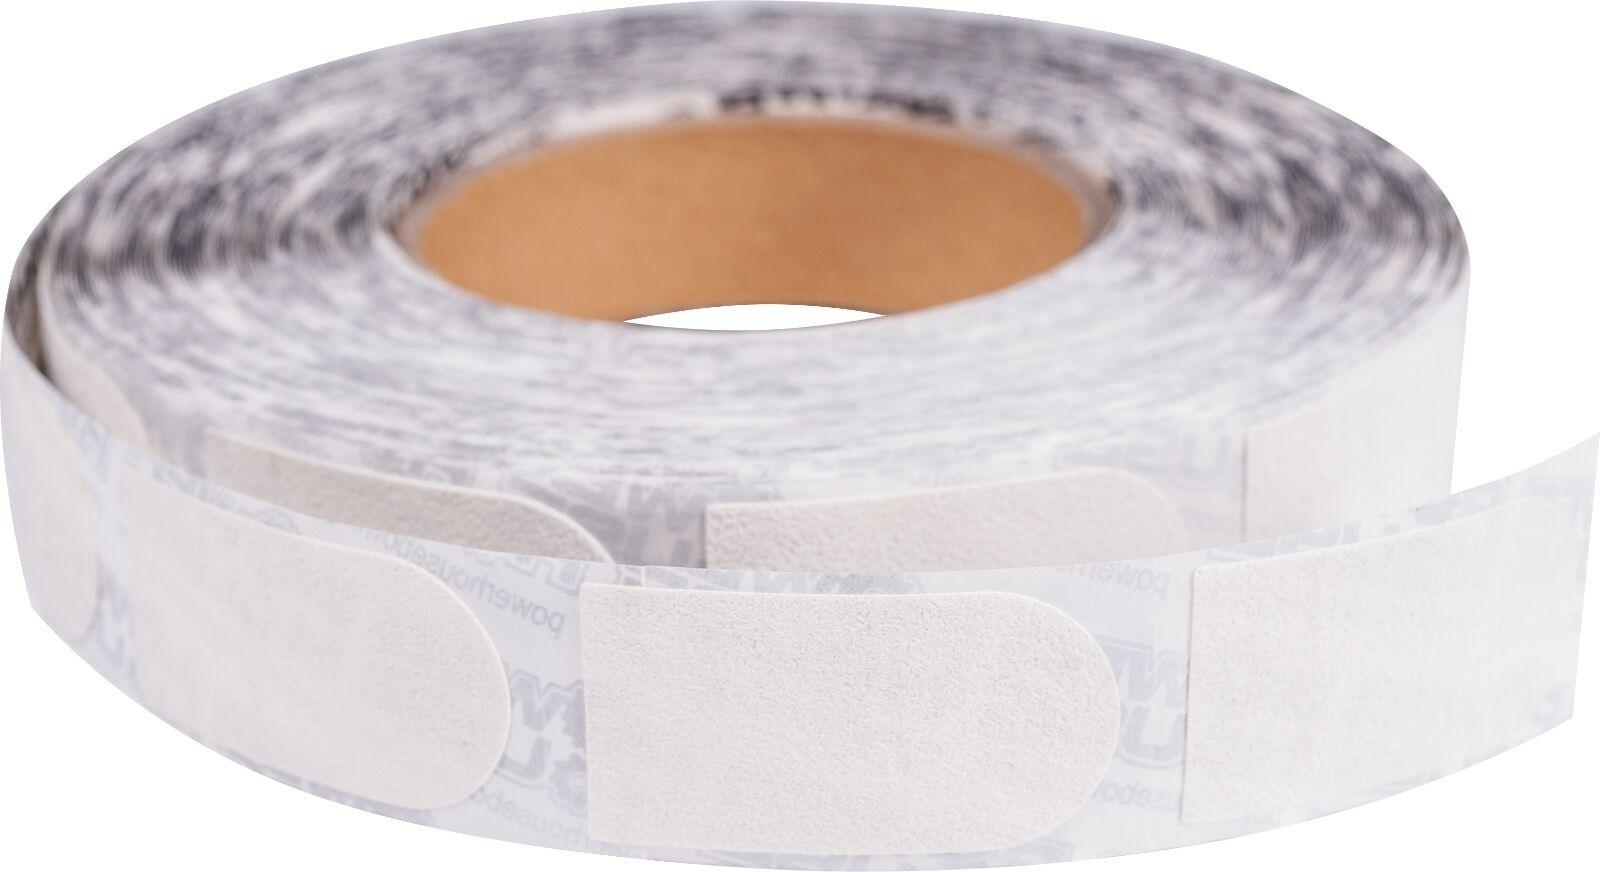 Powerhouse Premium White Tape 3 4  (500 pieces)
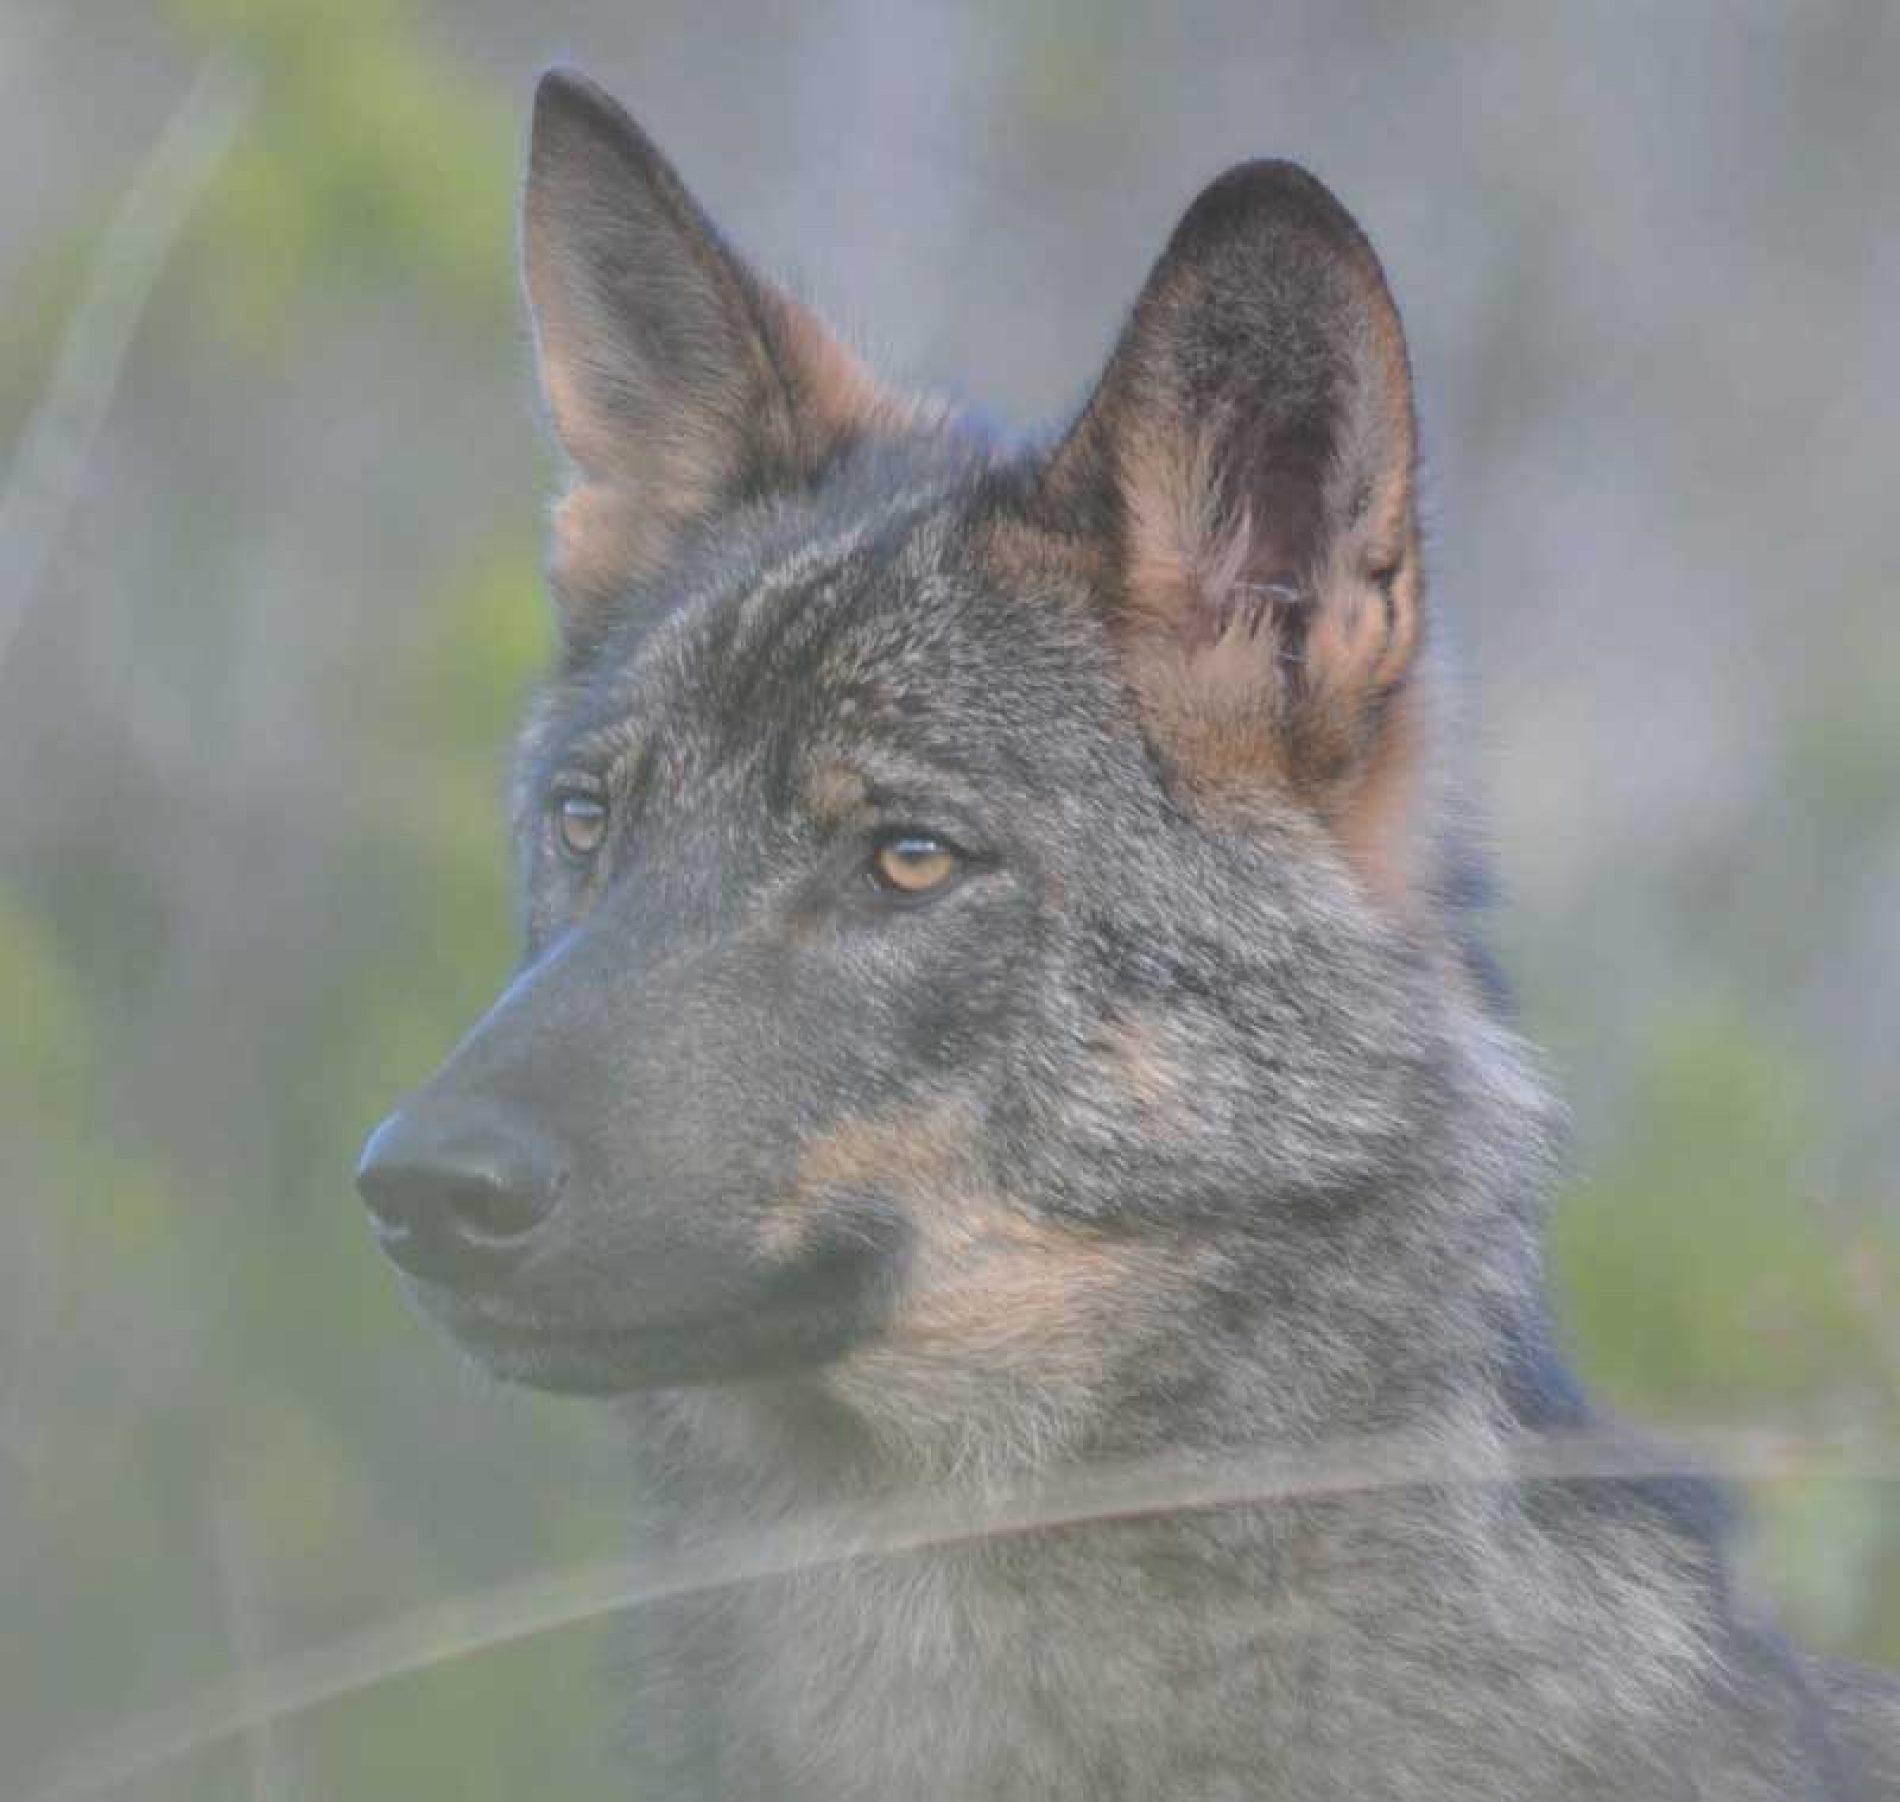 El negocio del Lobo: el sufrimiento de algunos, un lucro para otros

|---|

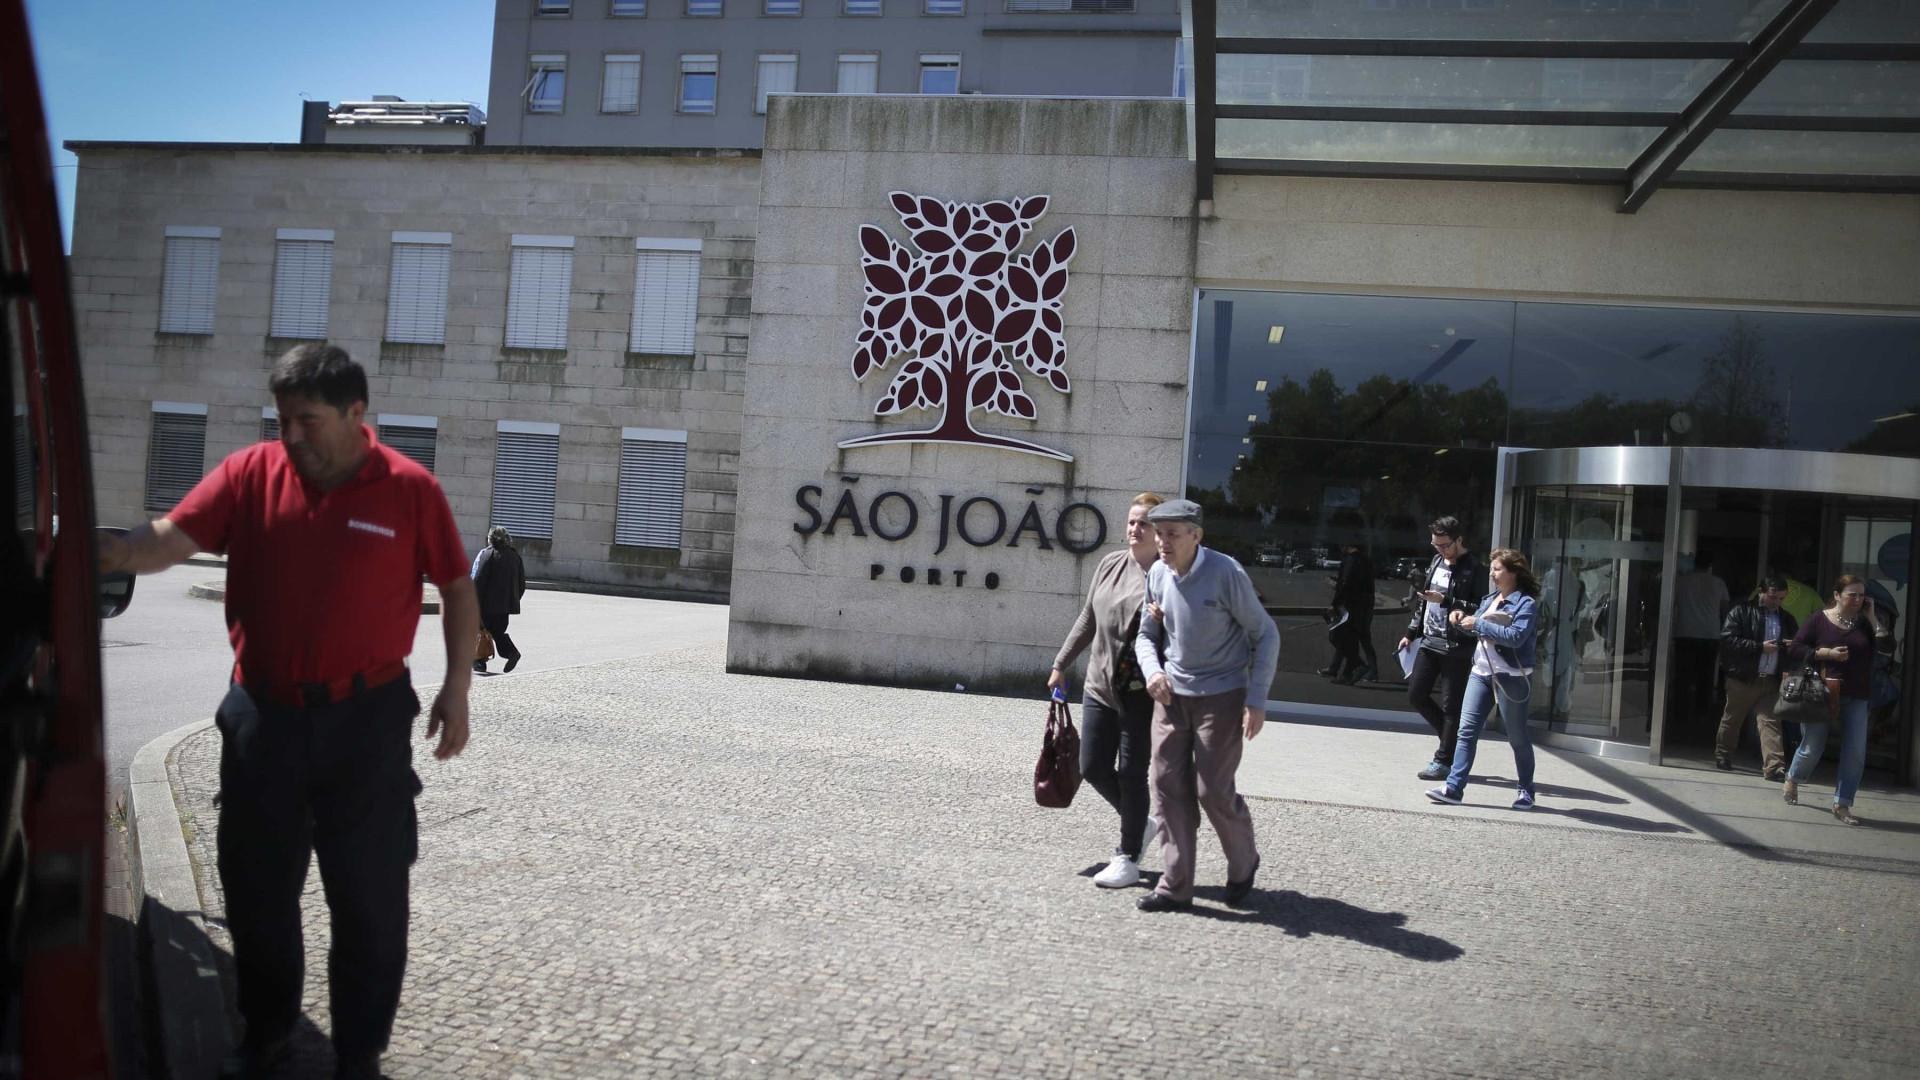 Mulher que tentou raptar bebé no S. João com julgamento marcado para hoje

|---|

Transcribe, word for word, the stretch of lines in the data above from the one with "Powerhouse Premium White" through the one with "El negocio del"; omit all pictures.

• _ANSWER AREA_:
 Powerhouse Premium White Tape 3 4  (500 pieces)
 El negocio del Lobo: el sufrimiento de algunos, un lucro para otros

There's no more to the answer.